There’s more. So, so, so much more. You can read the blurb at the publisher’s site if you want to be spoiled for it, but honestly, I wouldn’t recommend it if you want to be surprised. Because this book offers that in spades. It is twist after twist after twist, some of which left me gasping out loud, almost all of which had me compulsively turning the pages until I was done. It’s not an easy read. The prose is dense, the explanations not always clear, the characters sometimes frustrating. But I couldn’t put the damn thing down, getting increasingly invested in how it was all going to turn out. It doesn’t shy away from the violence that accompanies the darker side of humanity, but at the same time, there’s a certain hope that permeates Faye, brightening the path of the story more than once. I felt much as she did for a good part of the story, especially in regards to her contradictory feelings for Nathan in the first half. He is not your typical angel. His methods are twisted and dark, incredibly nihilistic in tone and deed. Whenever he’s on the page in that first half, the story becomes almost bleak, slowing my reading down even further. I didn’t stop, though. I couldn’t. I needed to know what happened next.
Bear in mind that this is not a romance. It’s not sold as one at Lyrical, and it doesn’t fall within the genre parameters. Expect a romance, and you’ll be disappointed. I knew all this, but the last chapter still managed to upset me, mostly because I’d become so emotionally involved with everyone. As a result, it’s a mild detraction in my overall enjoyment.
Due to the level of violence in this, it’s probably not for those who are bothered by it.

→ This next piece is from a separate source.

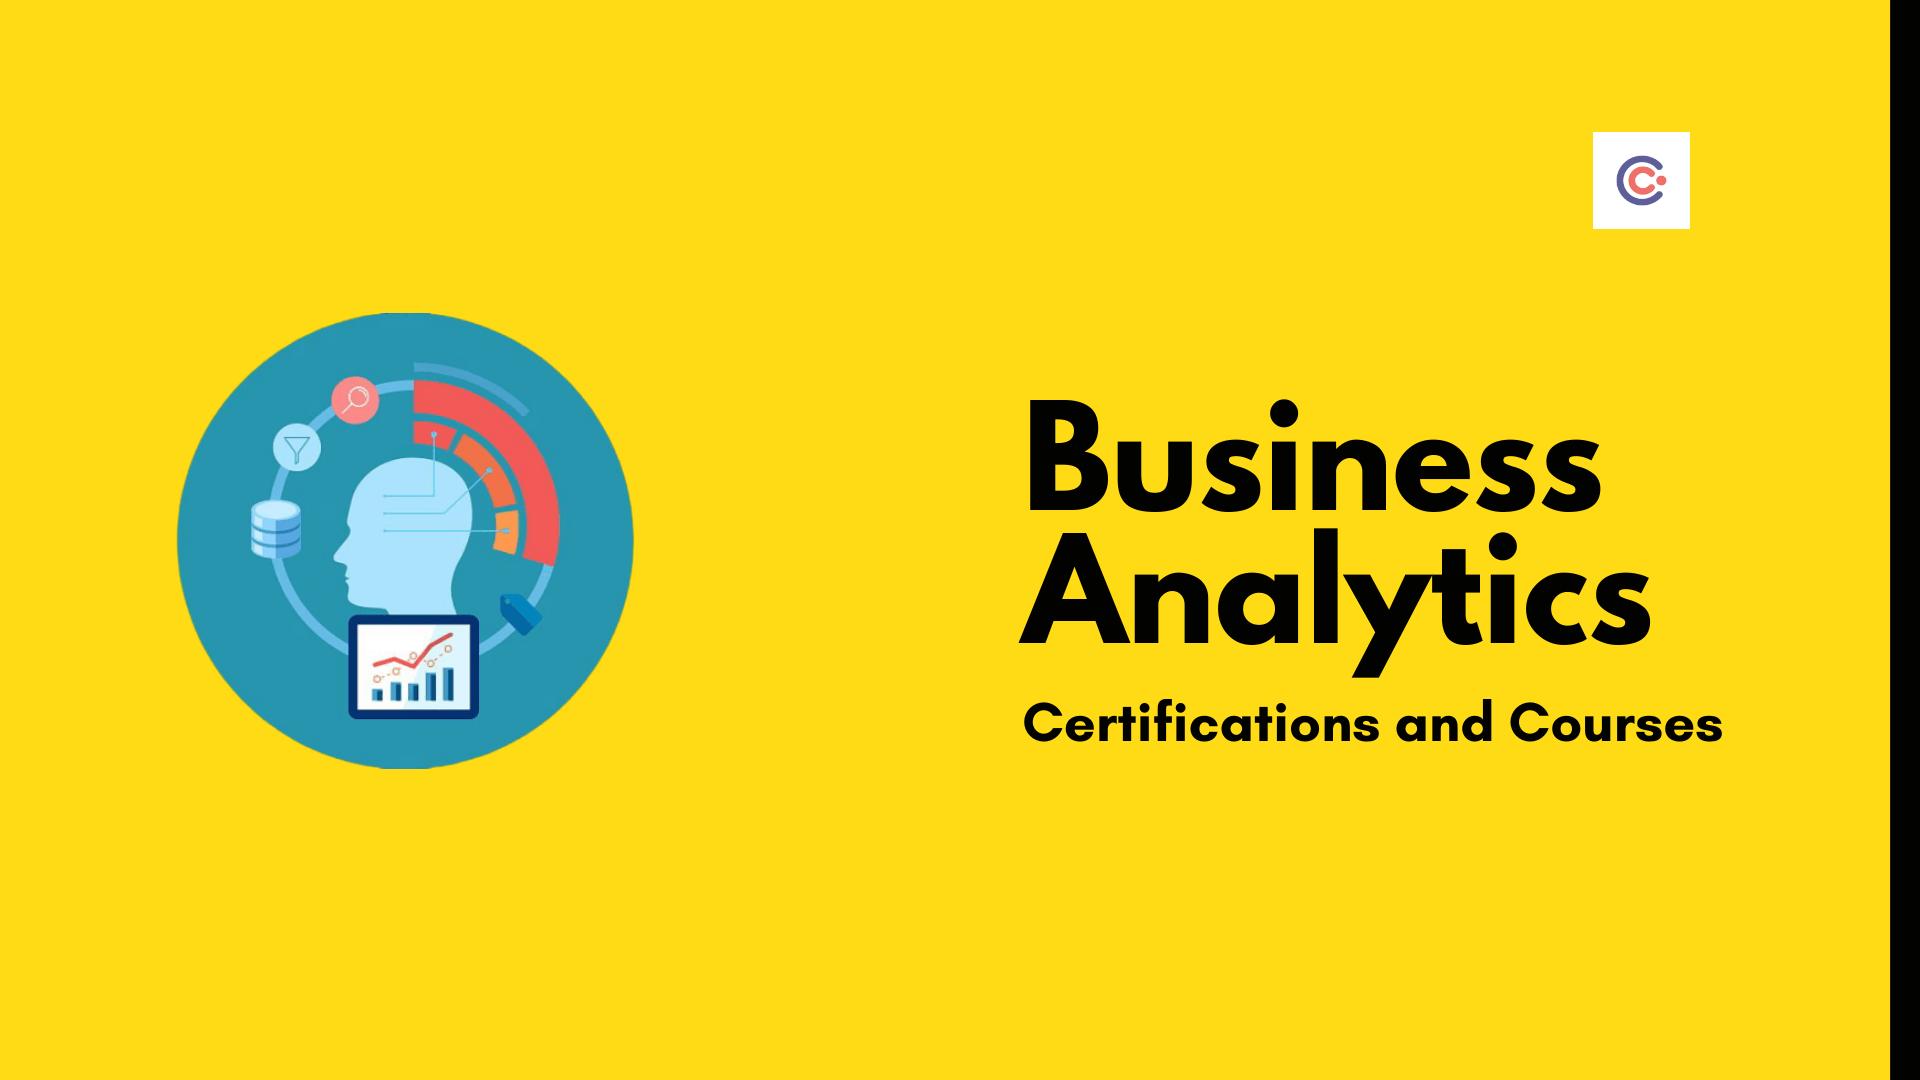 14 Best Business Analytics Certifications - 2021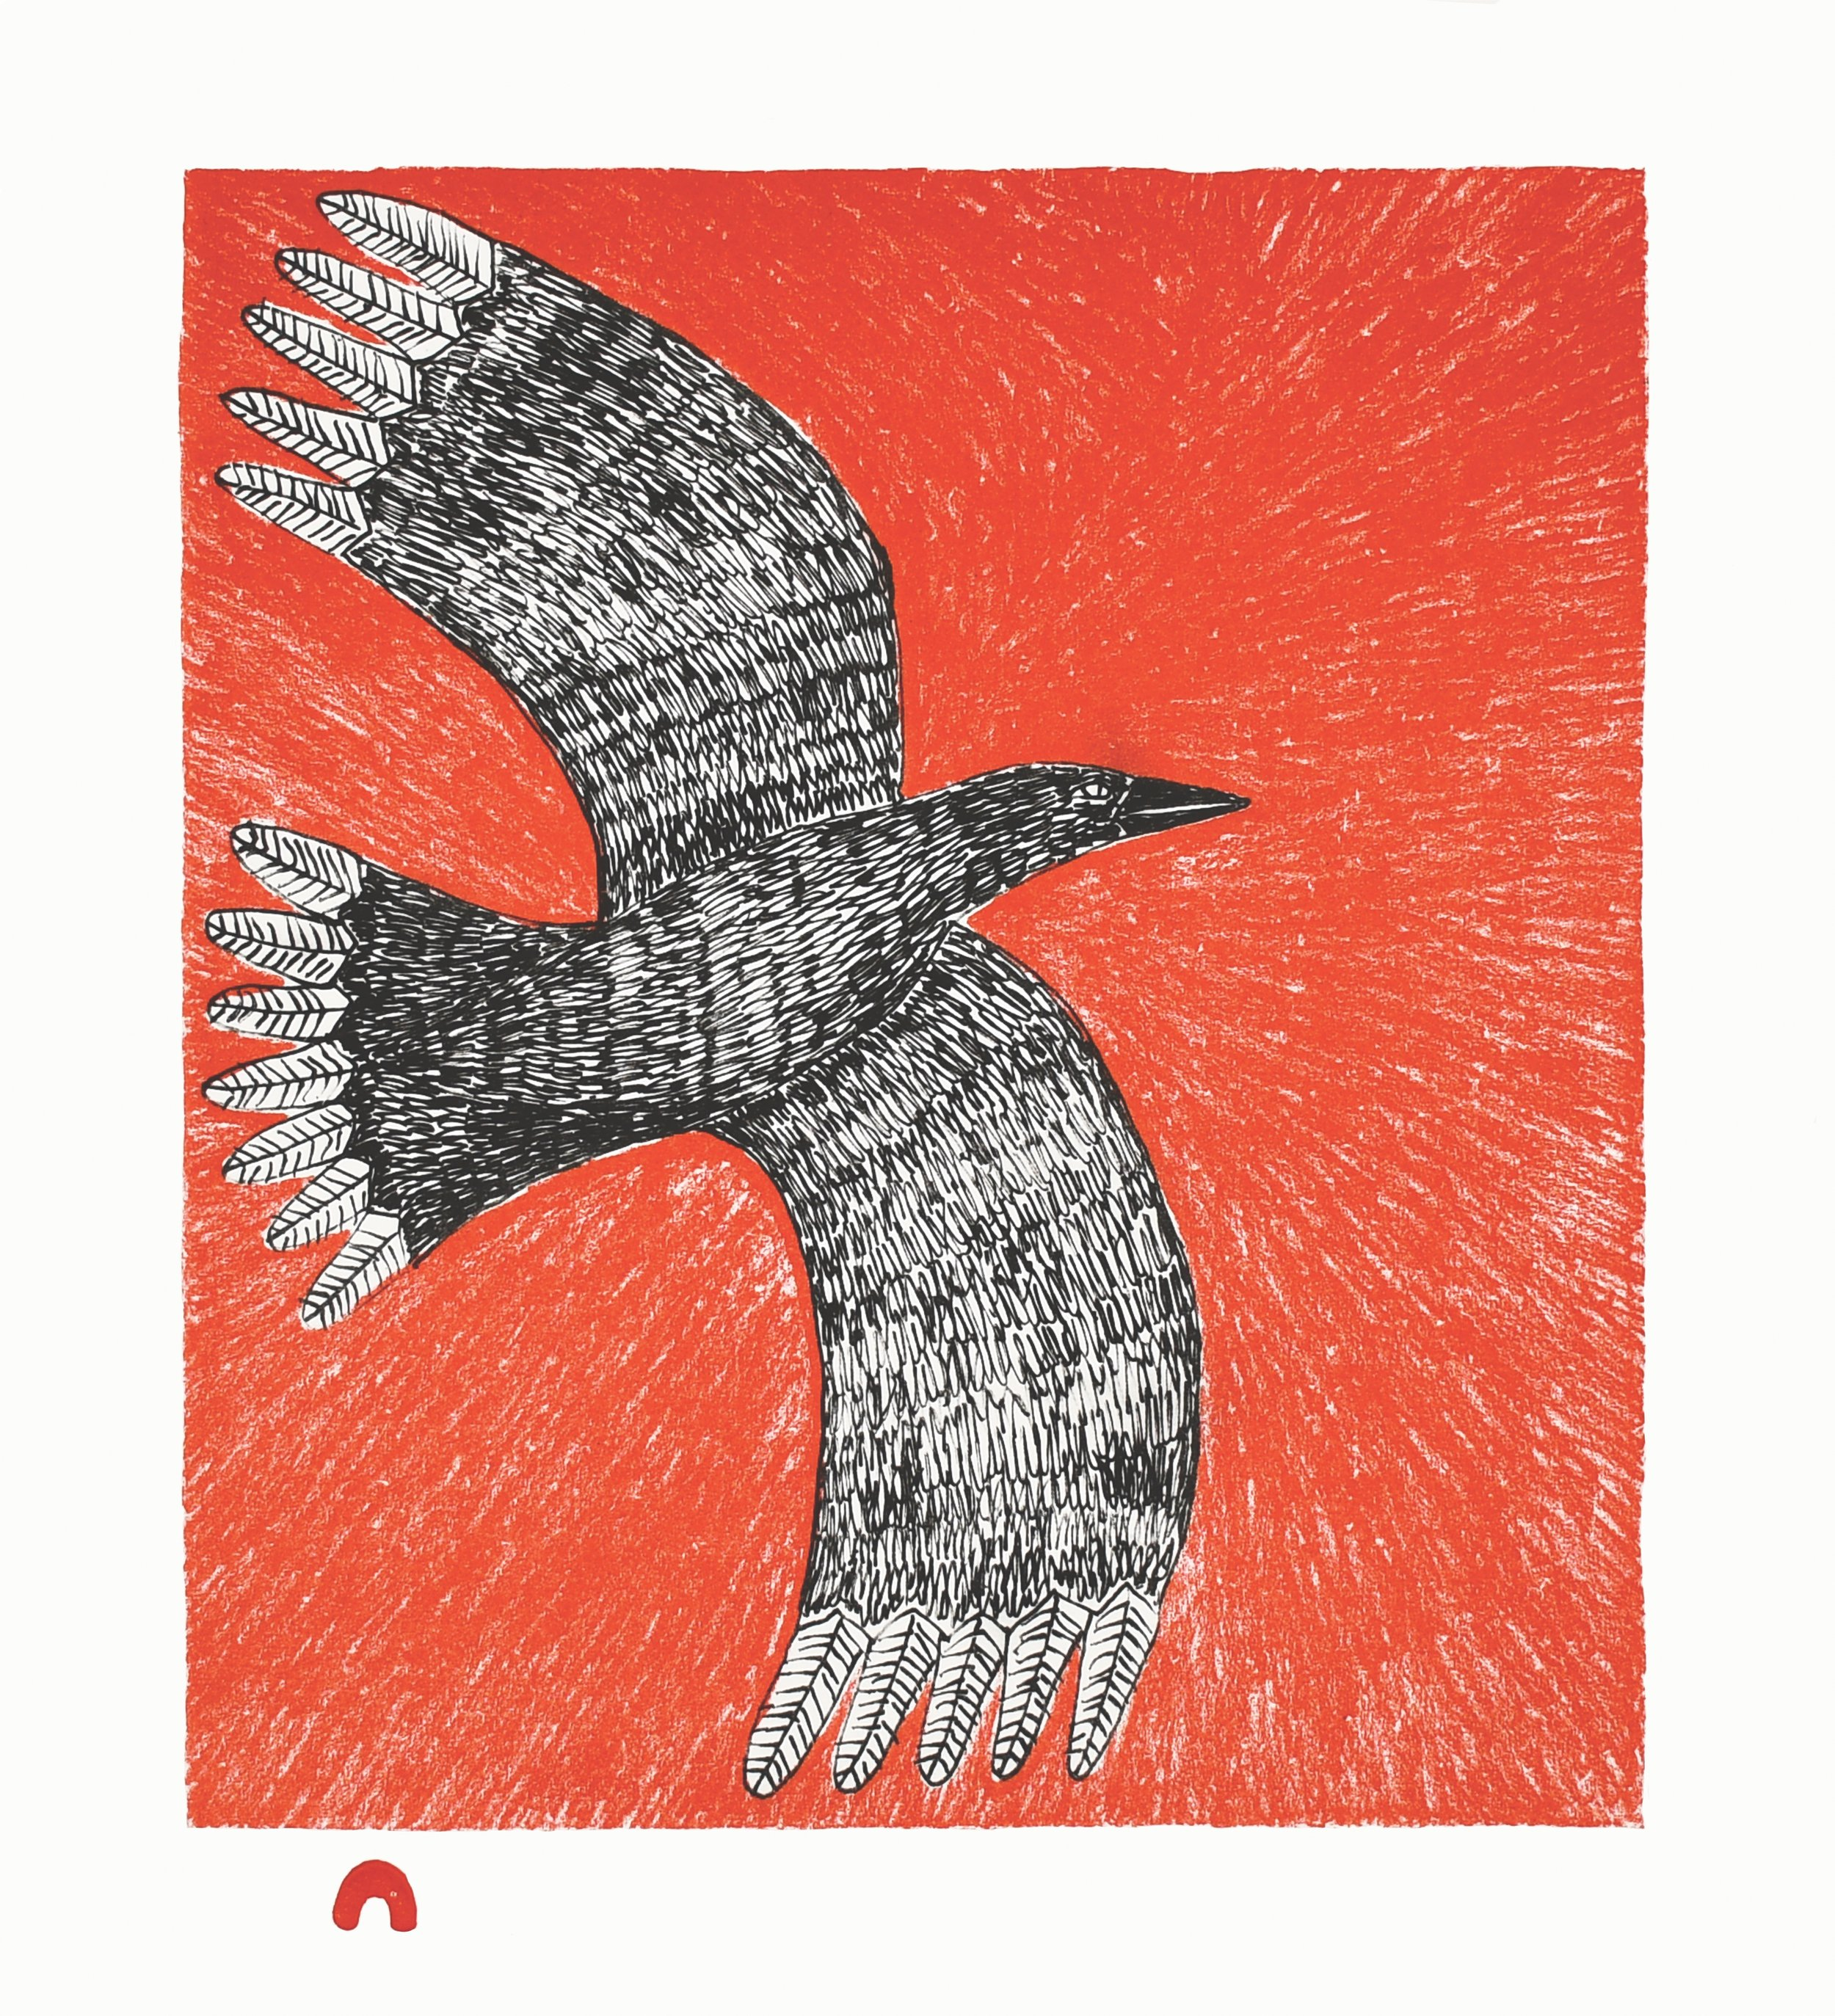 NINGIUKULU TEEVEE  7. Flight  Lithograph  Paper: BFK White  Printer: Nujalia Quvianaqtuliaq  27.5 x 25.5 cm  $ 500

And I do wish the editors and the author had taken better care with the use of apostrophes. Their misuse was starting to annoy me about halfway through (you’re for your, possessive apostrophes in the wrong place, apostrophes used on a plural word that wasn’t possessive, etc.). It complicated an already dense read, no matter how compulsive it was. In spite of that and my other minor concerns, however, this remains one of the more memorable, intense reads I’ve had in a very long time.